Created attachment 171631 [details] test_patch

Comment on attachment 171631 [details] test_patch Attachment 171631 [details] did not pass mac-ews (mac): Output: http://queues.webkit.org/results/14693202 New failing tests: fast/workers/worker-close-more.html

I've tried to fix the problem, and think that the last patch performs conservative replacement with the constant.
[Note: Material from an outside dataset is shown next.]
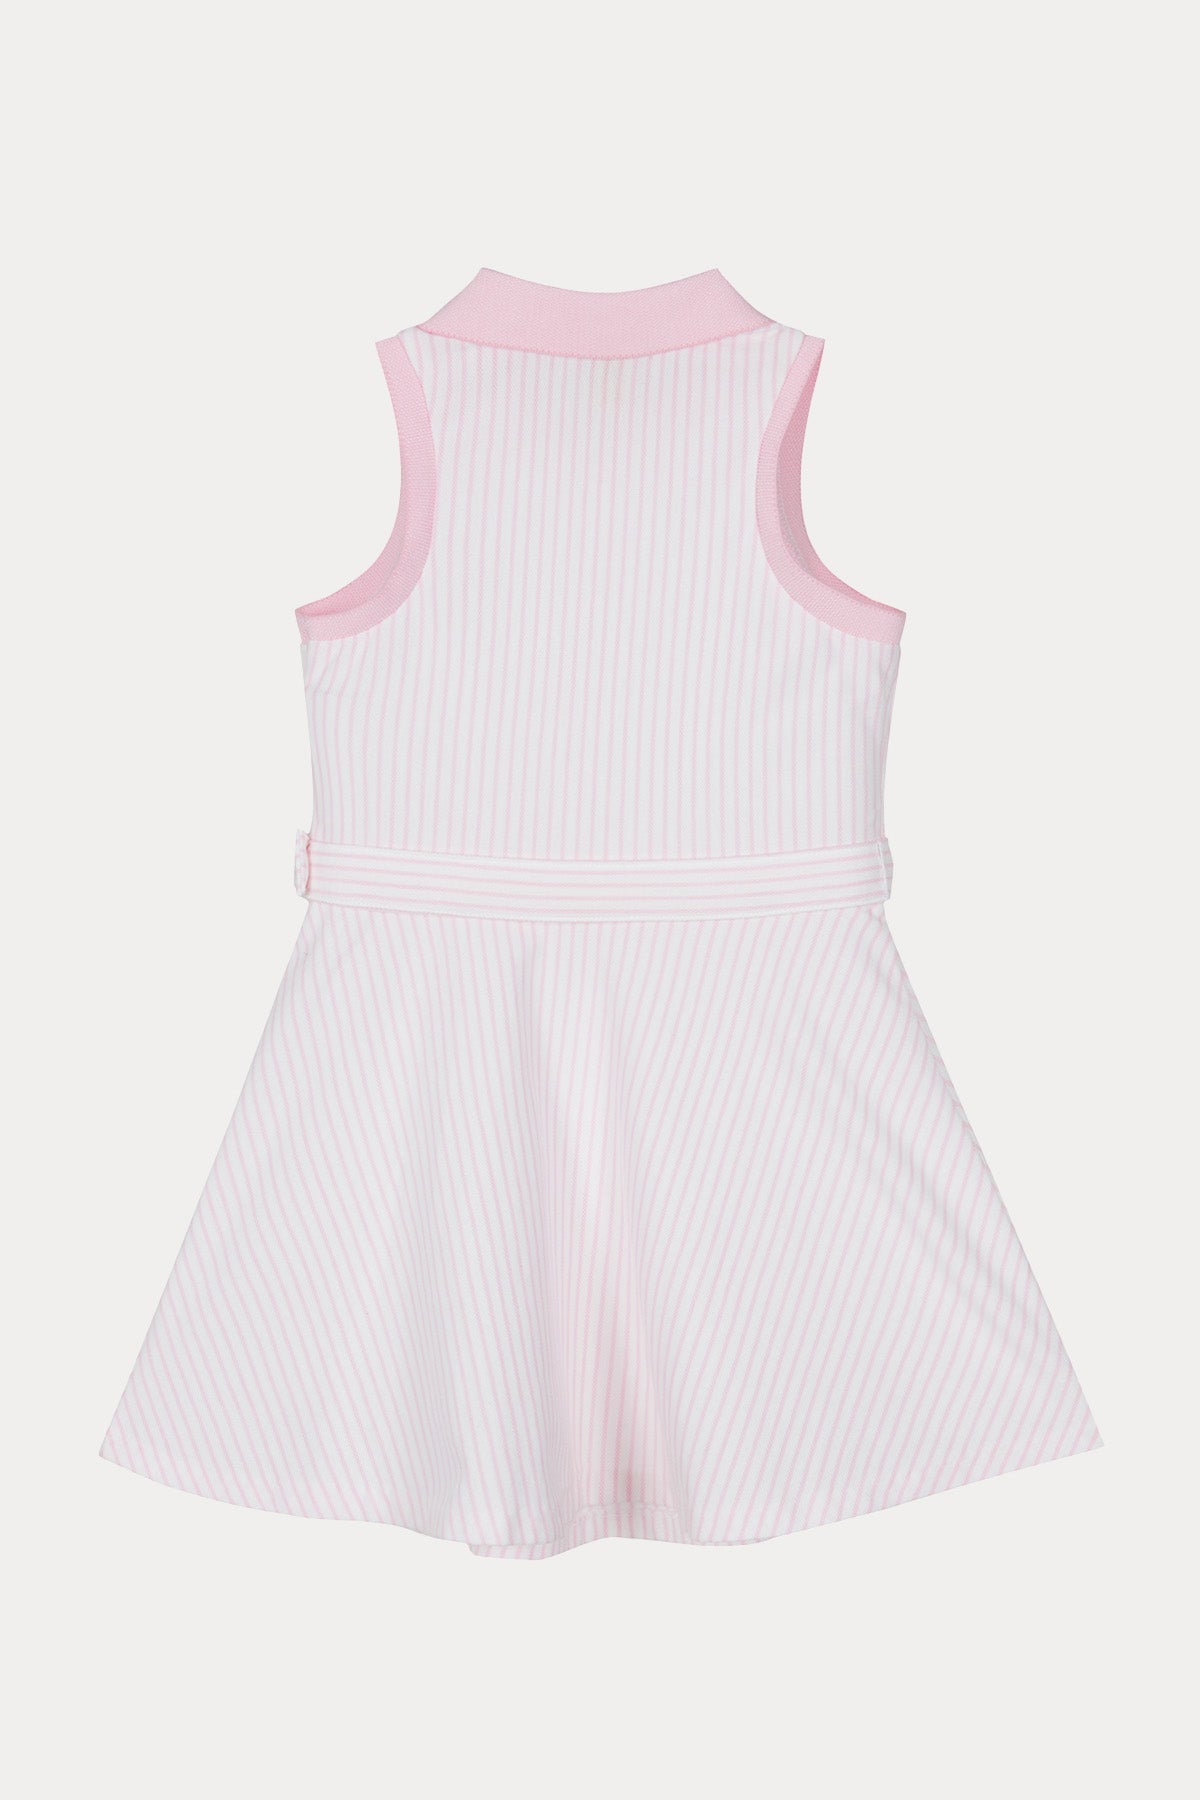 Polo Ralph Lauren Kids 2-4 Yaş Kız Çocuk Kemerli Çizgili Elbise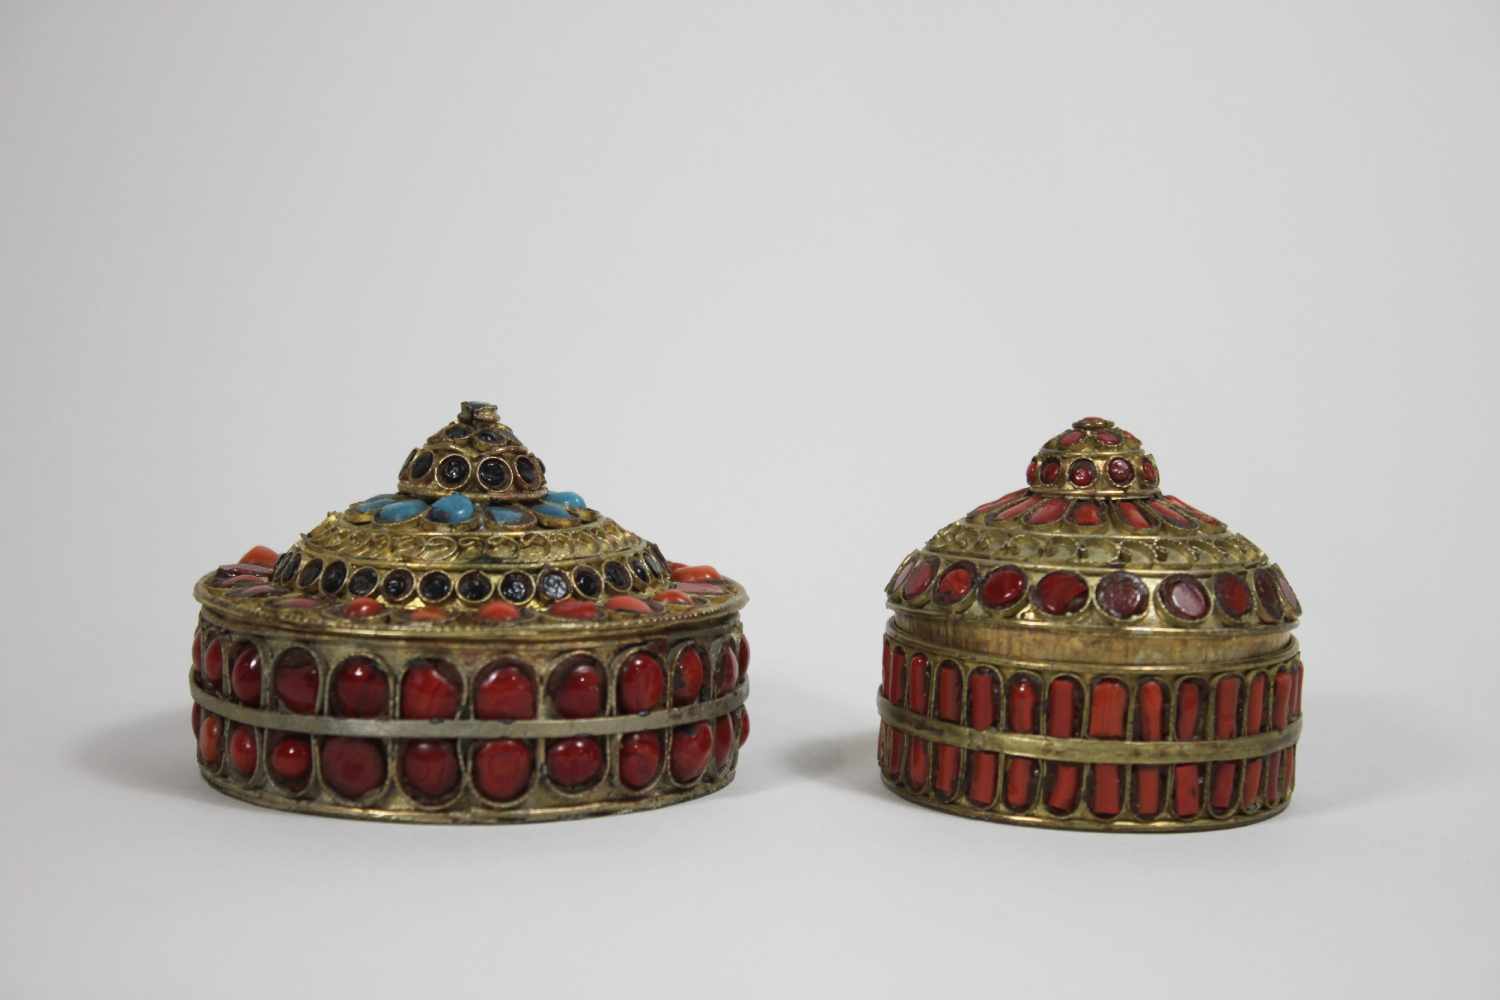 Zwei tibetanische Döschen, Messing mit Korallen, Türkise und Lapislazuli, Innen vergoldet, Steine

I didn't completely understand, when the object can pretend to be a function. Can you please provide an example? Is it concerned with valueOf? > CallData callData; > JSObject* object = asObject(v); > if (object->methodTable()->getCallData(object, callData) != CallTypeNone) > return globalData.smallStrings.functionString(&globalData); Also I didn't find any way to emulate this behaviour without 'getCallData'. I found that 'CallTypeNone' returns only 'InternalFunction' and 'JSCell'. And the last one question. Is it possible to run the failing test without all testing enviroment? If so, how to do it? Is it necessary to run it on Mac?

Created attachment 178875 [details] Patch

Comment on attachment 178875 [details] Patch View in context: https://bugs.webkit.org/attachment.cgi?id=178875&action=review You're almost there. Just fix the CFA (AbstractState) to filter the same way that the codegen speculates. > Source/JavaScriptCore/dfg/DFGAbstractState.cpp:736 > + node.setCanExit(true); > + forNode(nodeIndex).set(SpecString); Somewhere in here you should filter according to the speculations that the codegen does. Like, if codegen speculates cell, this should filter cell. Same for string, etc.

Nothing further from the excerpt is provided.